The point is, given this discrepancy, I feel that it behooves me, as an American author who benefits from Sri Lankan material, to do everything I can to promote Sri Lankan authors. Primarily, that means buying and reading their books, posting reviews, spreading the word. I also try to help bring the good ones to America to give readings, and put them in touch with my agent, in the hopes that it might help them get published here.
It's easy for those of us who live in places where there is a publishing infrastructure to forget that plenty of writers face nearly insurmountable challenges to finding an audience (Charles Larson's The Ordeal of the African Writer gives useful insight into some of these challenges).
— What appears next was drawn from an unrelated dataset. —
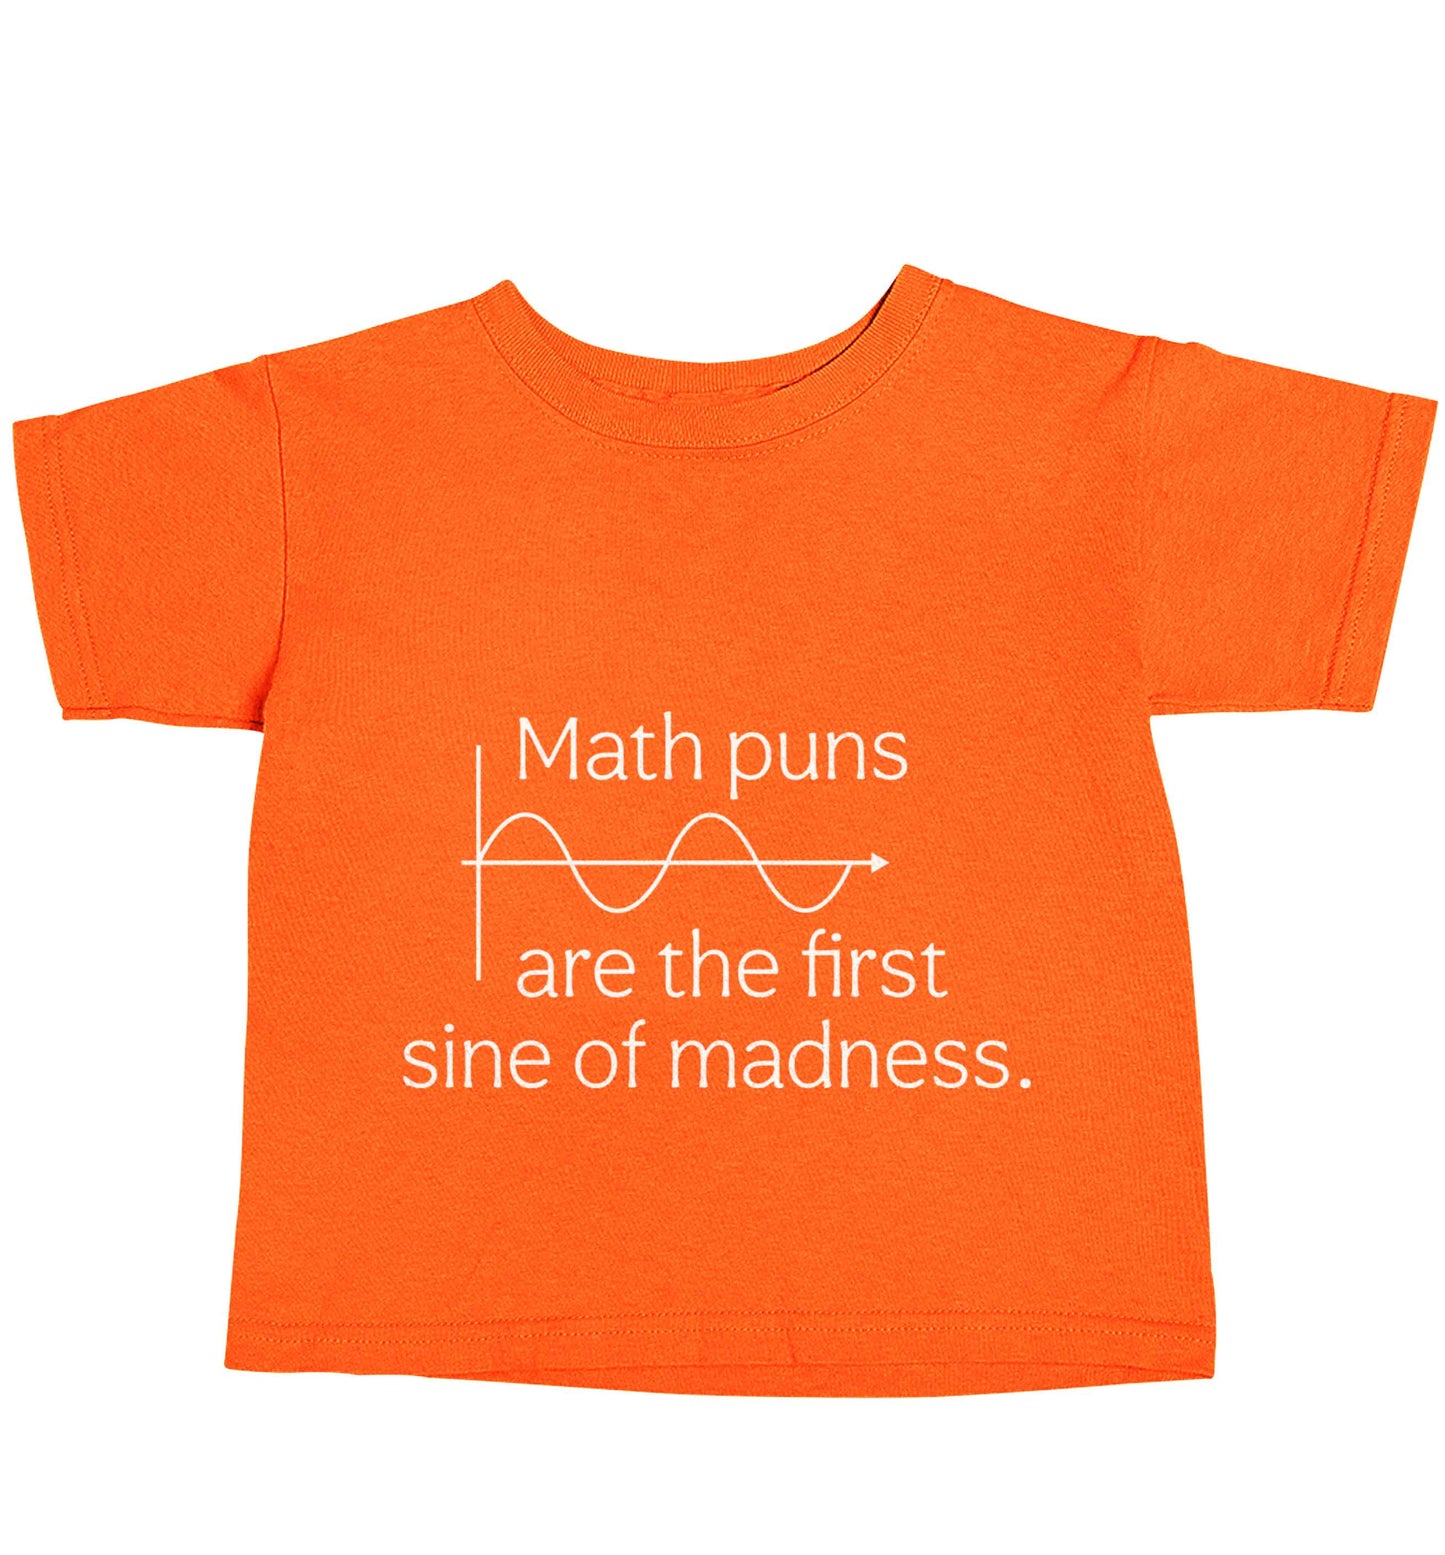 Math puns are the first sine of madness orange baby toddler Tshirt 2 Years
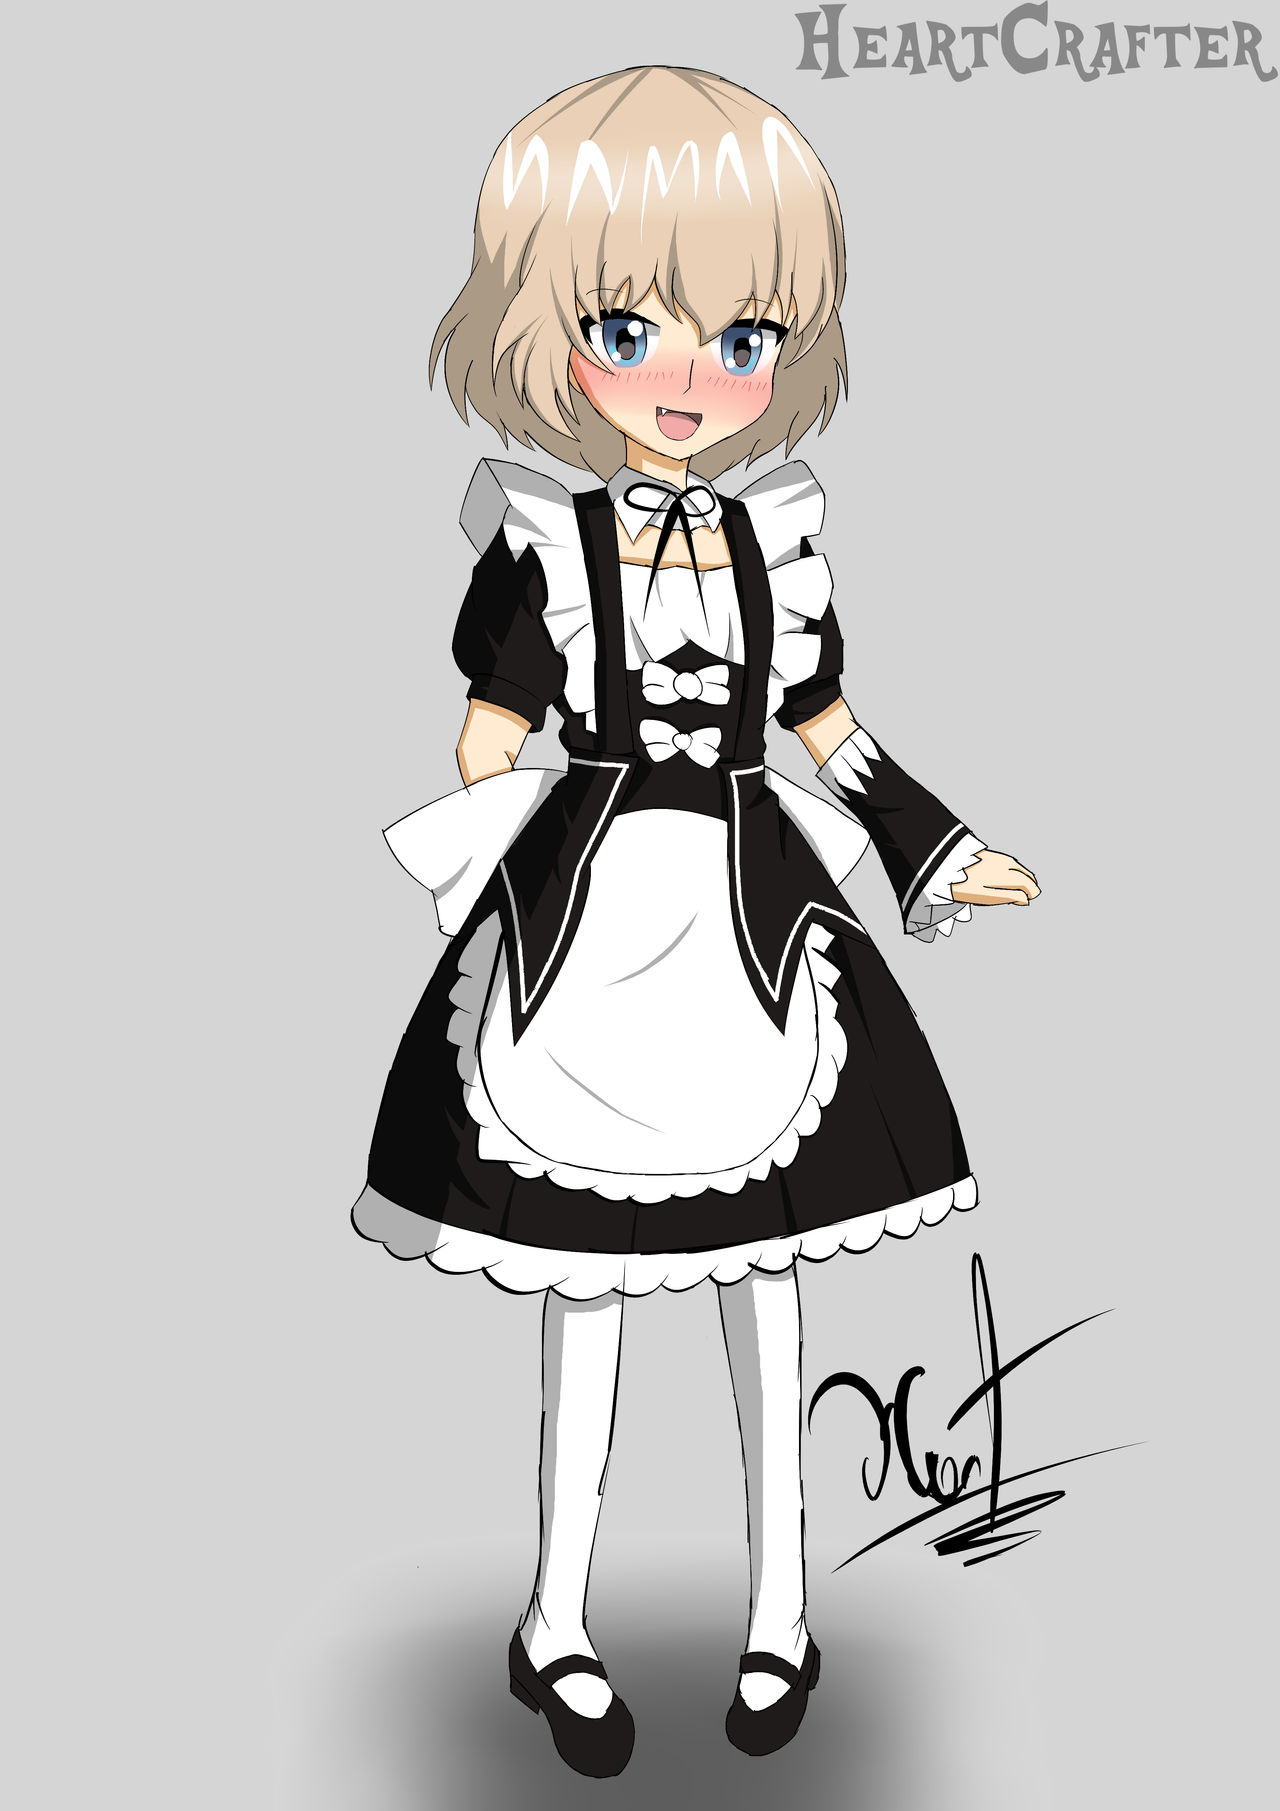 Katyusha In the maid outfit by HeartCrafter on DeviantArt

The internet has been a big help to some writers who would otherwise have no way to get their work out to people, but it's not a replacement for what an actual publishing industry (and a culture of reading/ community of readers) can provide.

Despite the plethora of posts,there are important questions that still remain to be discussed. Mary Ann did a good job of showing that some of the tension in various discussions came, as it often does, from people using different definitions of words such as "racism". I'd love to see more discussion of other words, as well -- for instance, "culture" and "appropriation" (there may be wonderful posts about this that I am simply unaware of). Strategic essentialism is, I think, vital to combatting a systemically racist, sexist, heterosexist, etc. society, but I'm still such a postmodernist that I'm wary when I see words for vast abstractions used without admitting how vast, abstract, overdetermined, paradoxical, and just plain difficult they can be.

Really, though, all I wanted to do was exhort you to read "I Didn't Dream of Dragons" and Mary Ann's two posts. They're some of the best things I've encountered via the Internet for a while.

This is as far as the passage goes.